We in People Before Profit stand for universal benefits and universal public services for all. For carers, this must provide a real living wage that recognises the essential work they do, day in, day out. Globally, capitalism saves $11 trillion a year from unpaid care work and many trillions of dollars more by systematically underpaying paid care workers, most of whom are women. We need a massive expansion of personal assistance hours to enable people to participate fully in society and we also need to ensure that personal assistants and all other care workers get the pay and conditions they deserve. We cannot continue with a society that gives golden handshakes to bankers and executives but the cold shoulder to disabled people and carers. It is welcome that the new Taoiseach has finally committed to ratifying the optional protocol to the UNCRPD this year but we still have no date as to when this will happen. Time is ticking on this Government and we need it to ratify the protocol now.

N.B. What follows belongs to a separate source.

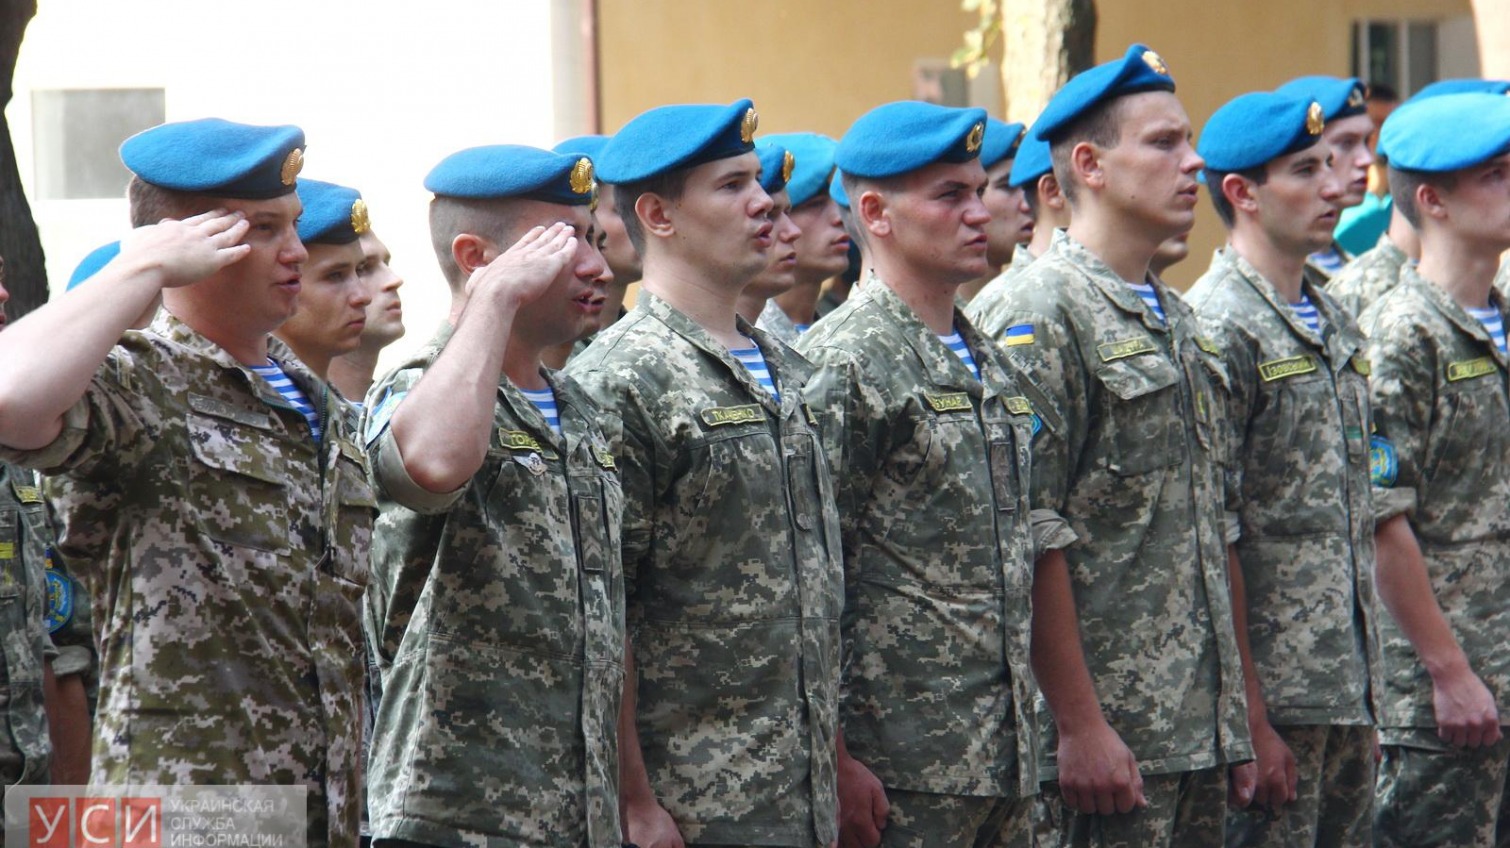  Памятник в честь украинских ВДВшников появился на территории Одесской военной академии (фото) «фото»

He said that the backlog in assessments of need has to be unblocked but we have not seen any details as to how this will happen. Almost 9,000 children are overdue for assessment of need and more than 17,000 are waiting for first contact with a children's disability network team, CDNT. I have figures that an activist got from extensive FOI requests, which indicate that almost 9,000 children have been waiting almost 12 months for those initial contacts. Those FOI replies reveal mistakes across the board in terms of discrepancies in the figures which mean there is a real problem in terms of planning, but it also reveals the cause of these problems and of the massive delay. The vacancy rates across the board for therapists and other staff are through the roof, with a rate of 40% for occupational therapists, 70% for dietitians, 30% for family support workers, 30% for care assistants and 70% for play therapists; I could go on with the list. The result is that even when children get an assessment of need, over 110,000 are on a waiting list for treatment.

The Ombudsman for Children has accused the State of a profound violation of children's rights with regard to disability care. The report Nowhere to Turn aptly describes how children with complex disabilities are left in inappropriate settings for months due to the failure of the State to provide them with home supports. Parents are forced to fight for services for their children that are considered basic human rights in most European countries. The truth is that this State has never cherished all of the children of the nation equally and this Government is continuing that disgraceful tradition of discrimination and neglect. Rather than speculating €100 billion in public money on international markets, as it is planning to do with the future Ireland fund, that should be invested in public services and a better quality of life for all who live here right now. From assessment of need to financial and respite support to parents and carers, and raising pay and conditions for workers in the disability sector, all of the arms of the State need to work together and take responsibility instead of passing the buck between them and outsourcing services to underfunded NGOs reliant on charitable fundraising.

Our final demand in the motion is for a constitutional amendment to assert equality for disabled people and guarantee rights for all. That is what we need.